# [Activity]
Each line below must be set down exactly; omit any image you find.

# [Input data]

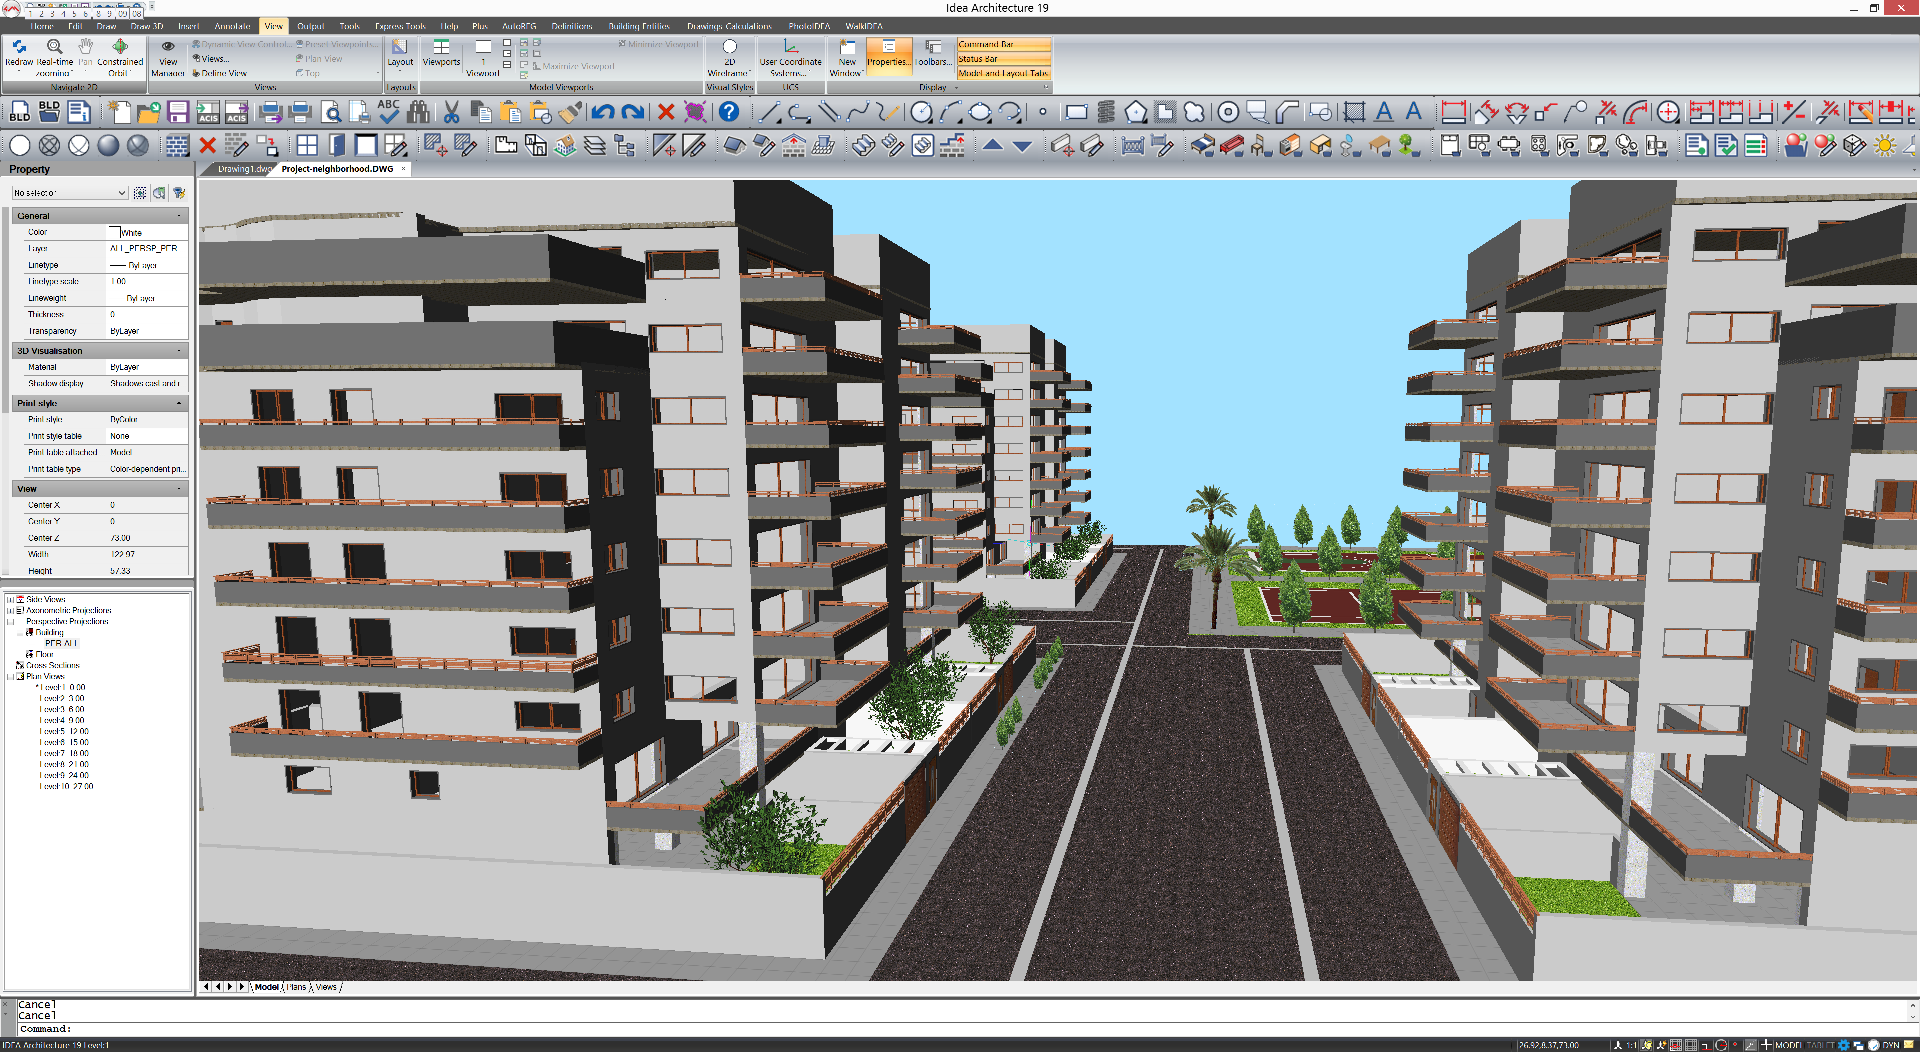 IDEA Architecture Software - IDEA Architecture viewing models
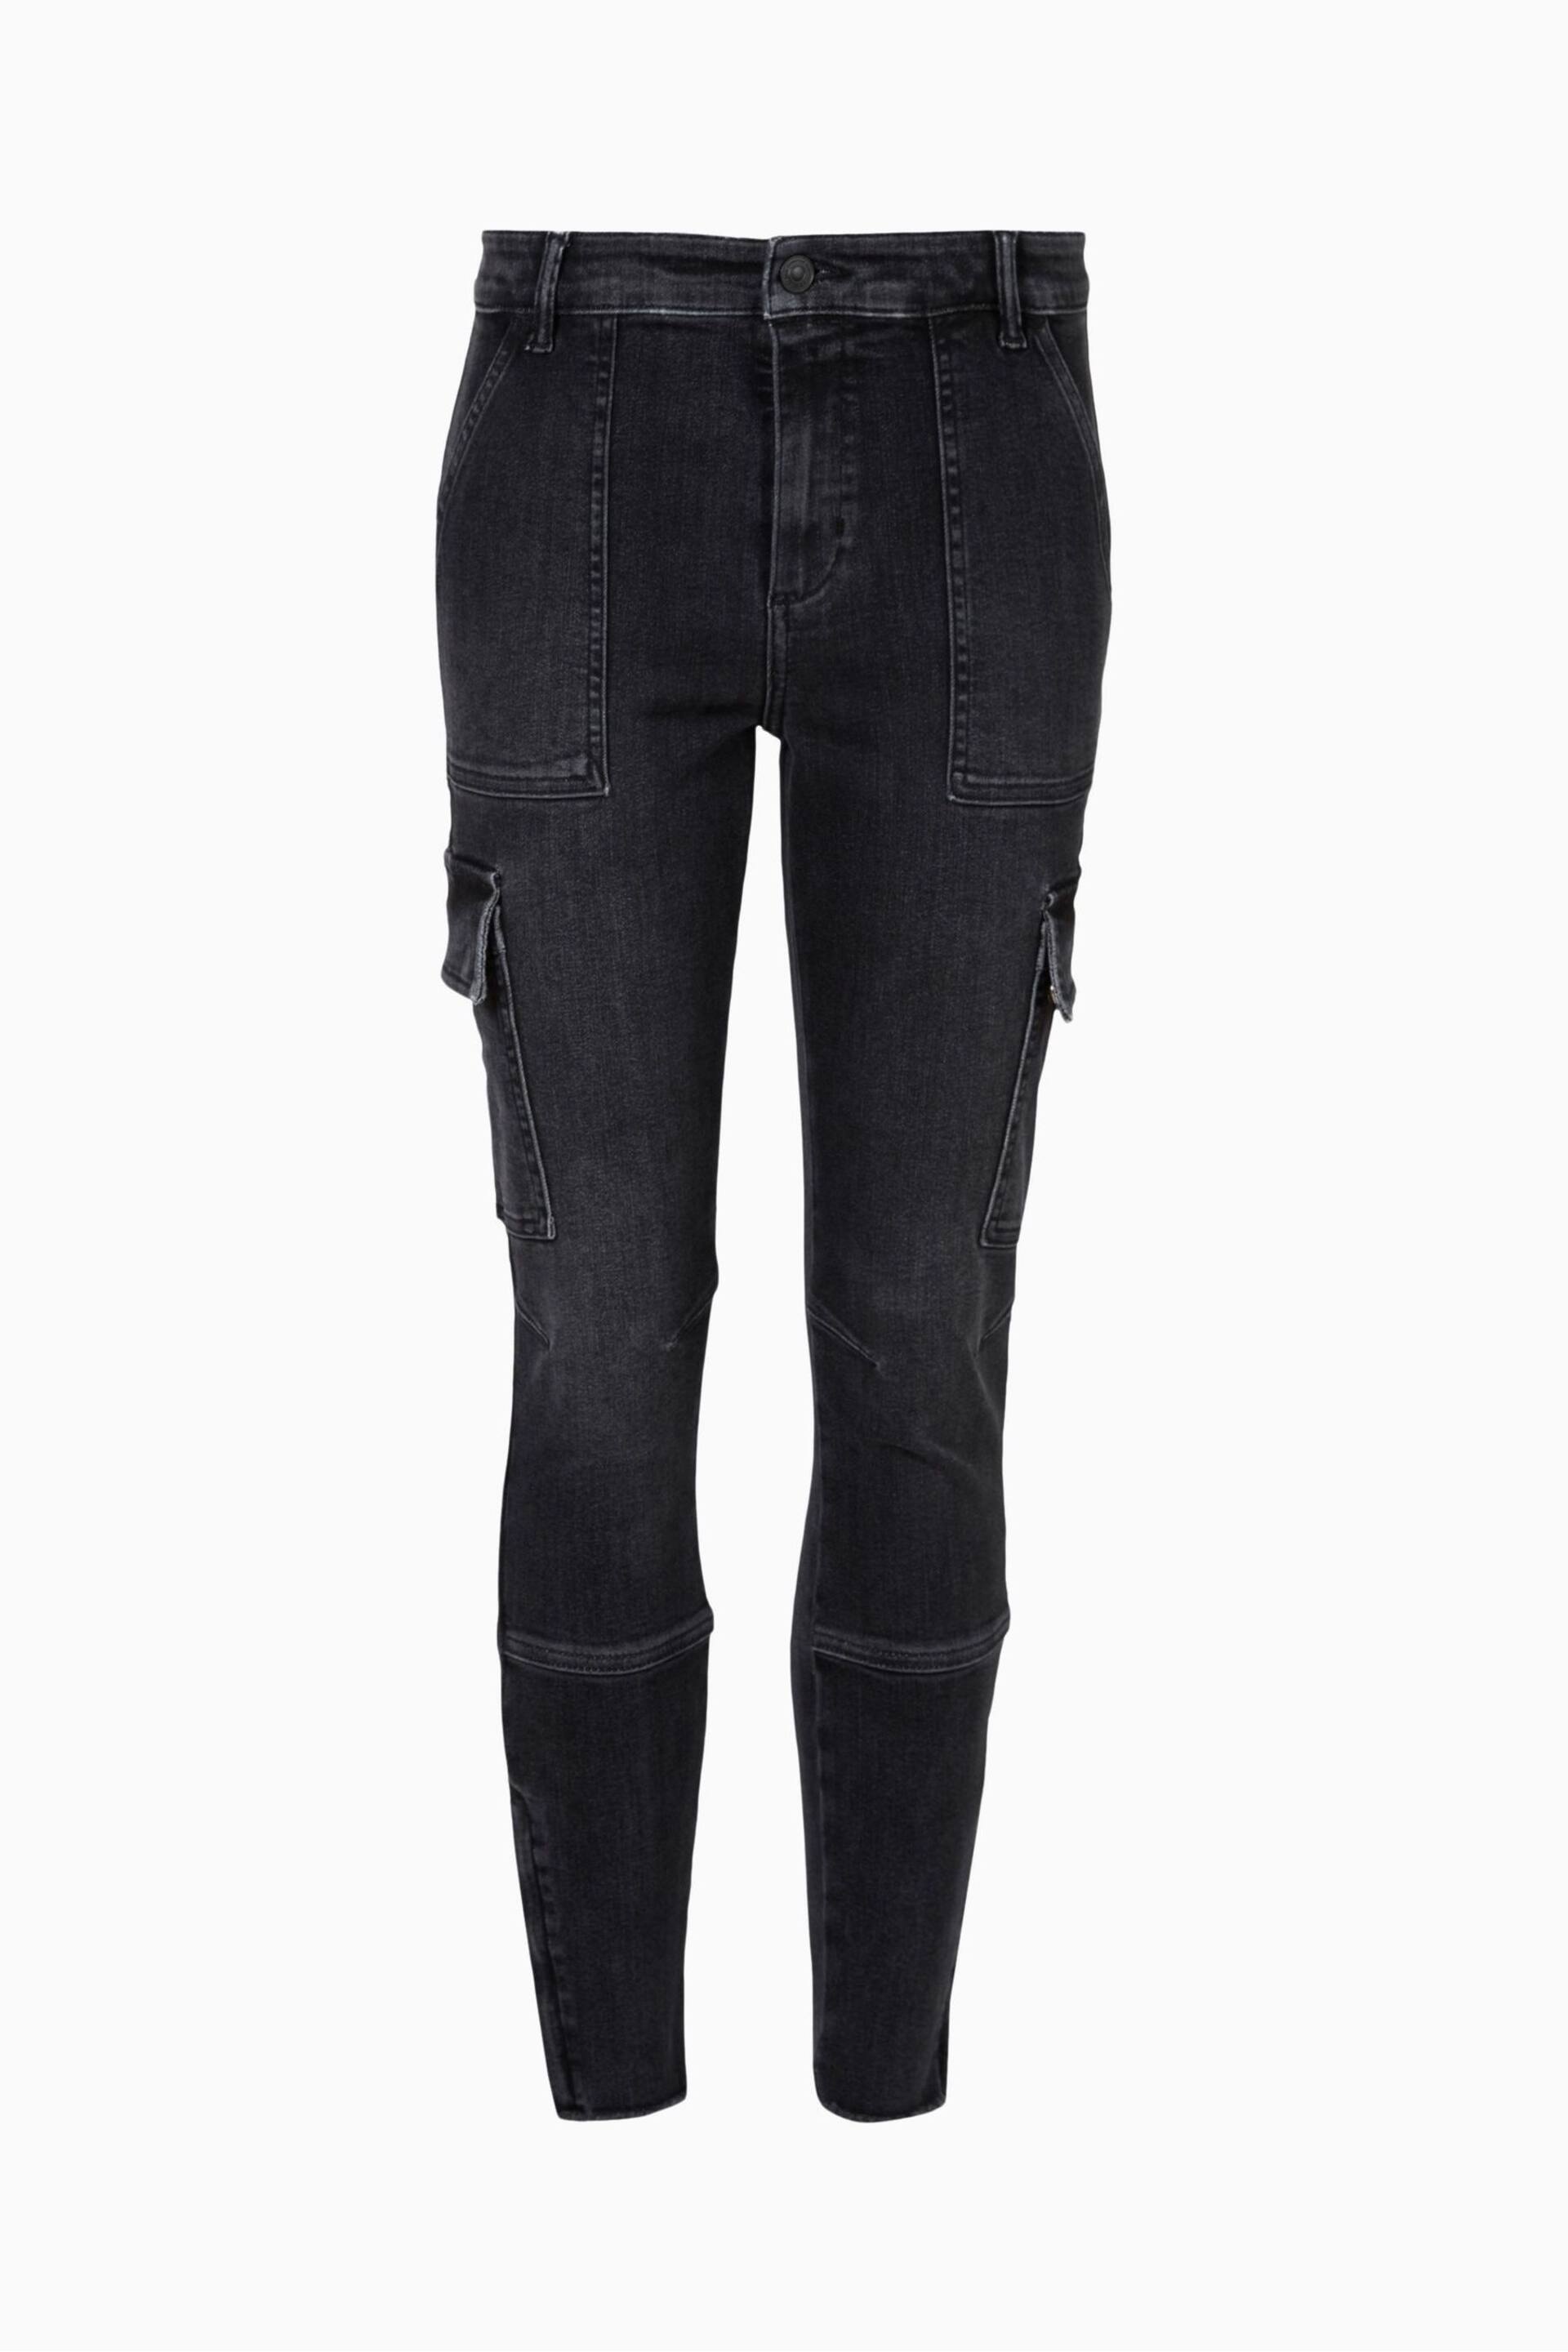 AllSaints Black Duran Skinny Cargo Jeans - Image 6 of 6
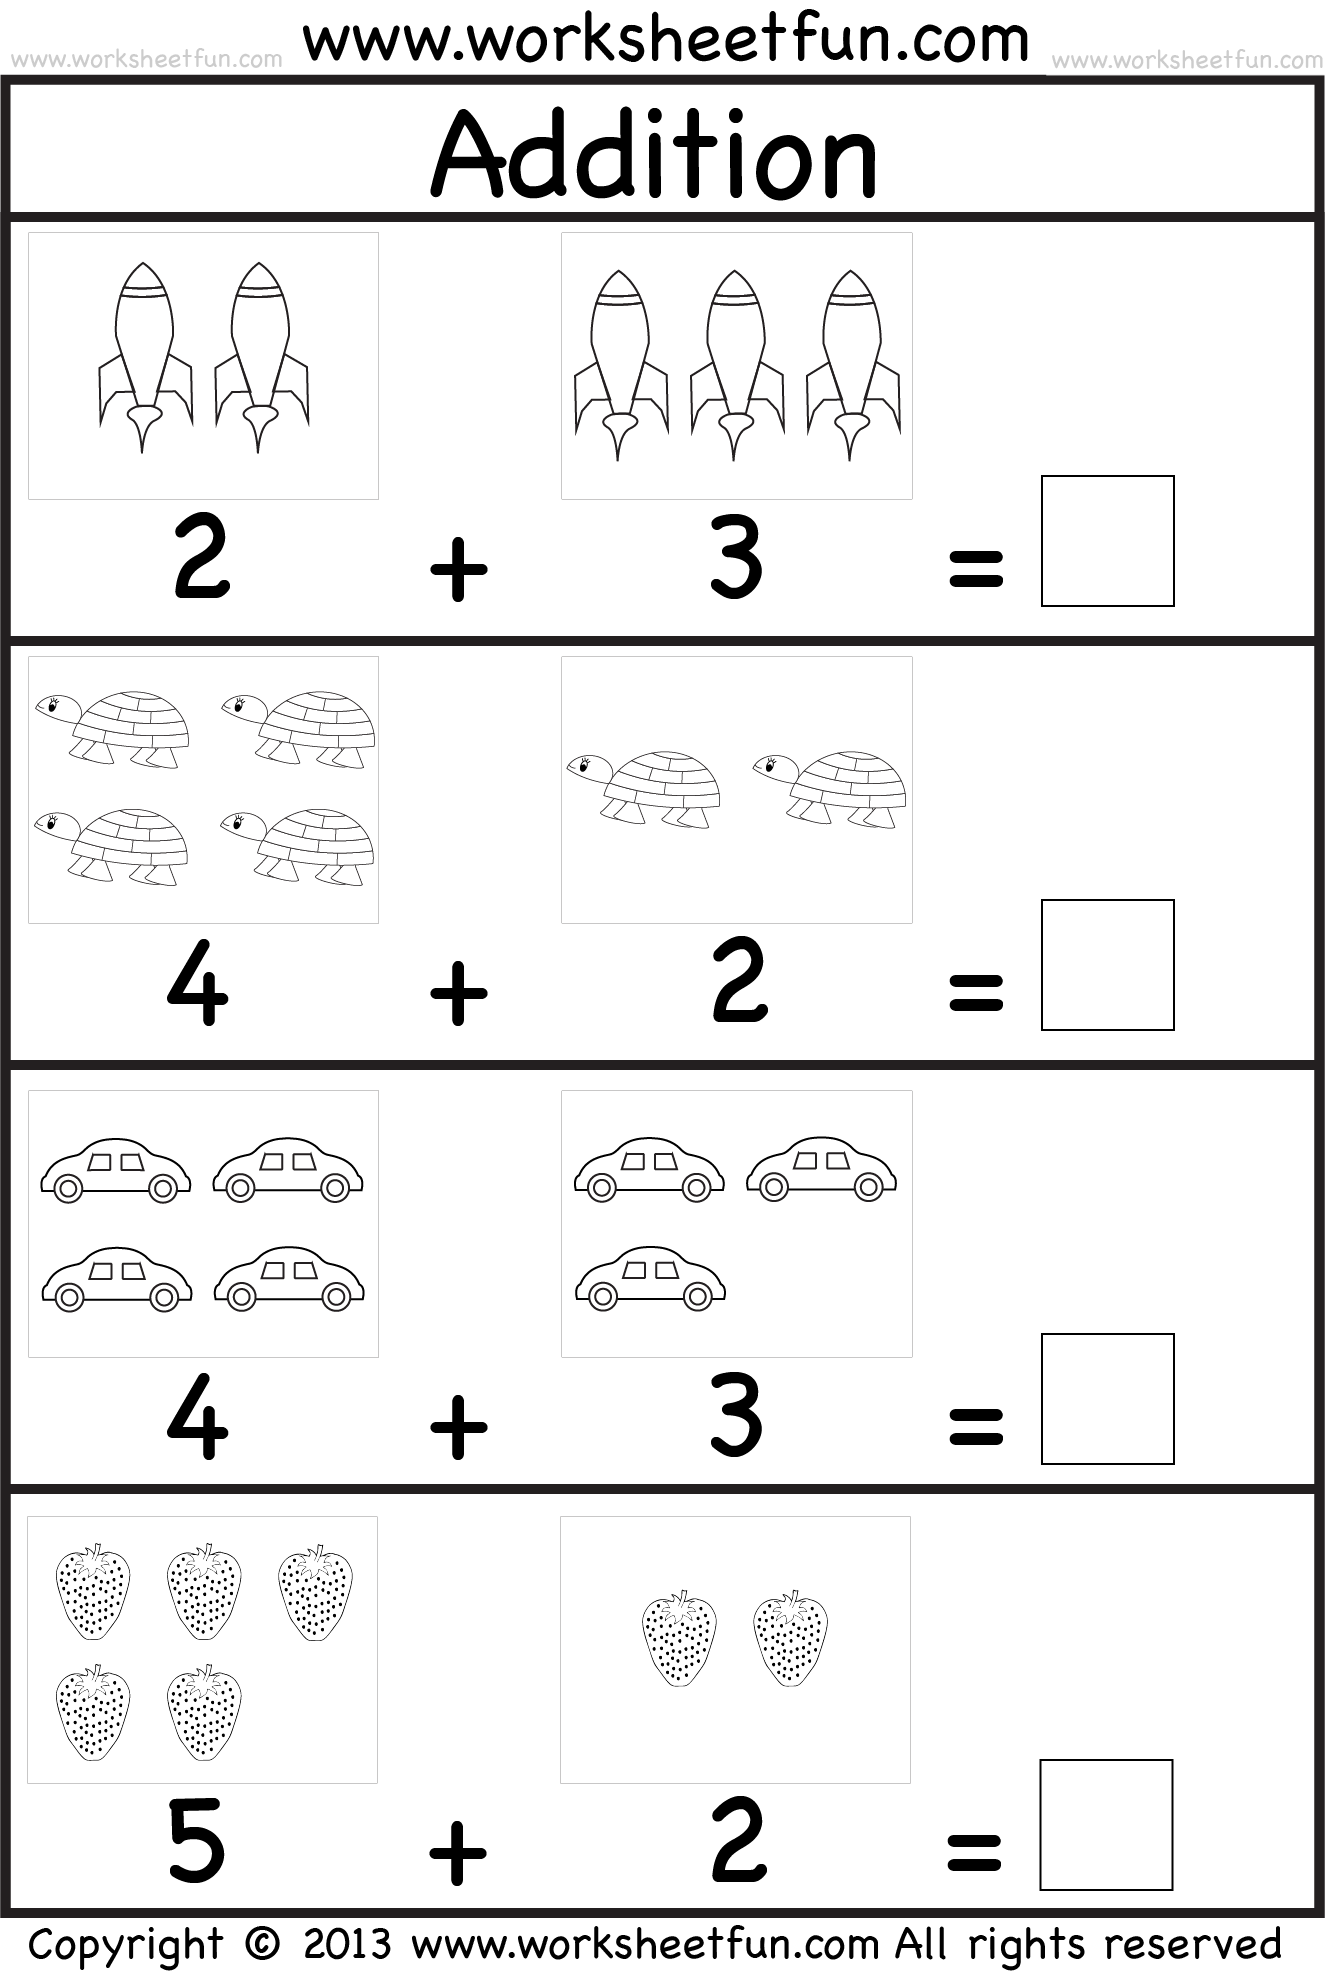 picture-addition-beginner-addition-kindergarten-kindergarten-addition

# [Task solution]
 IDEA Architecture Software - IDEA Architecture viewing models
 AllSaints Black Duran Skinny Cargo Jeans - Image 6 of 6
 picture-addition-beginner-addition-kindergarten-kindergarten-addition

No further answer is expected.